Continue to invest in the future
When working on his projects, Mitchell treated it like a start-up business, investing in himself before anyone could see the finished project. But the complexities of dealing with a limited budget has gotten no simpler during the pandemic.
“Planning and dividing the budget between all areas of the film is key so you aren’t overspending in one area and neglecting another,” he says. “It’s very important that you research experienced crew, which can be costly. Asking for favours can be good when budgets are low, which gives opportunities to emerging talent and creatives.
“But when you’re on a deadline it’s often safer to get experienced crew in, as you know they will deliver at a high quality and turn it around in a short amount of time, which can be less costly in terms of day rates.”
Don’t burn out
While economic hardship can cause its share of emotional turmoil, those feelings can easily turn into physical distress in the form of the dreaded burnout. It’s always been a danger for those in the arts who are encouraged to have multiple side hustles while also making enough money to support themselves, but it’s a problem that’s only been exacerbated by the pandemic.
“I struggle sometimes with exhaustion,” Mitchell tells us. “I have a strange body-clock at the moment – juggling both jobs trying to keep a roof over my head in a city like London while prioritising my project can be challenging. But in my opinion, a true artist will always find a way of displaying that art. We are born with it and it never leaves.”

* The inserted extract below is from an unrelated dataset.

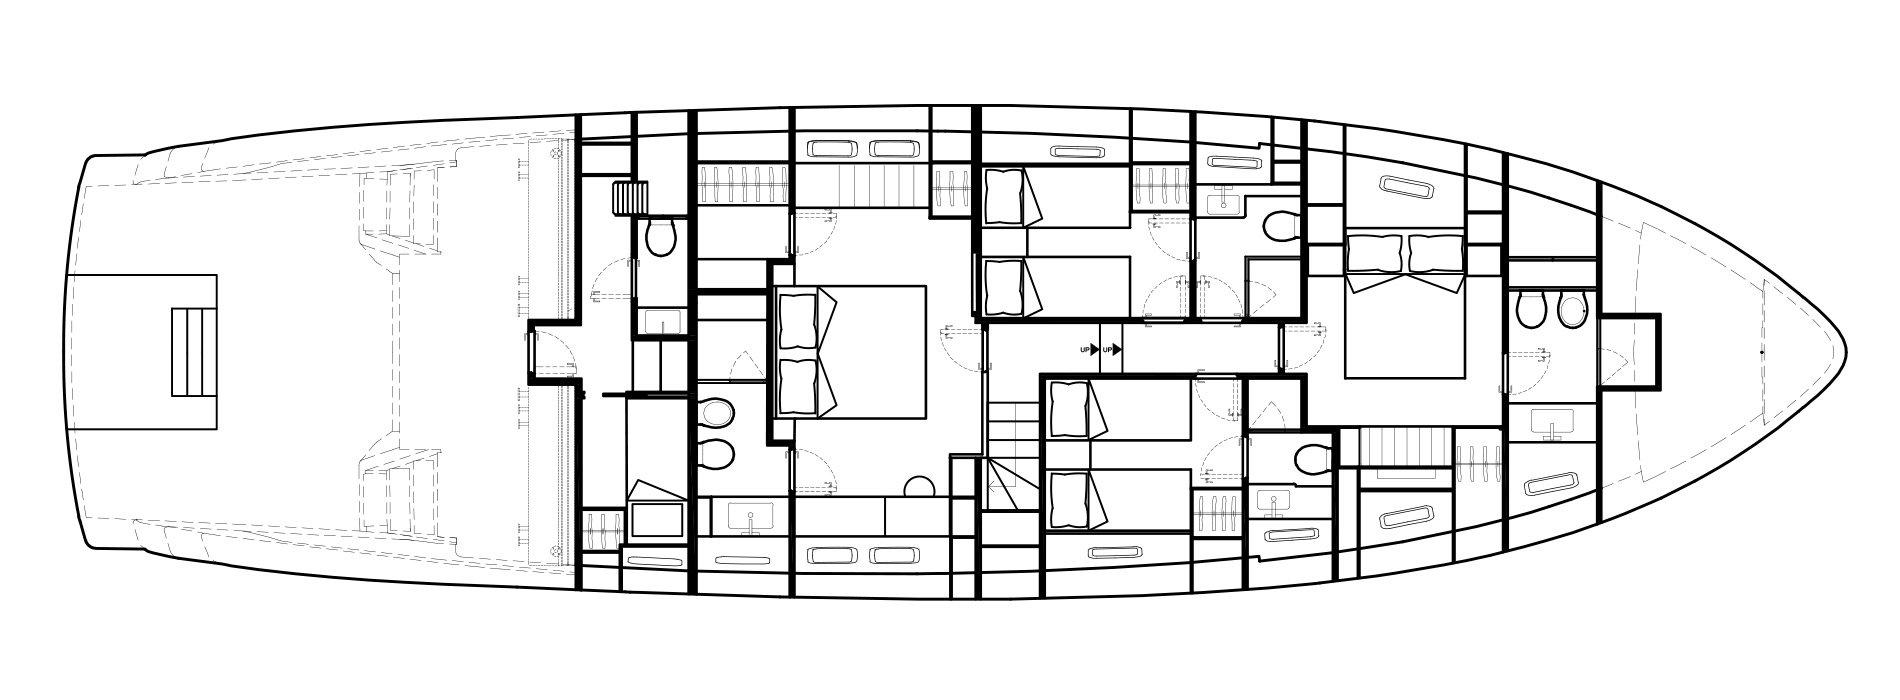 Sanlorenzo Yachts SX76 Lower Deck Version A

While there is hope for the future in the form of a vaccine and the path it clears towards normality, the fallout for the Covid-19 “generation” is yet to fully reveal itself. That said, the resilience of the creative sector and those within it could also be what helps get us back to a good place.
Opportunities certainly look a little different, from socially distanced performances to hustling for remote work from the home office, but they’re out there.
As Louis puts it: “It feels nice to look back at 2020 and not be totally disheartened. As my agent always says after an unsuccessful audition – onwards!”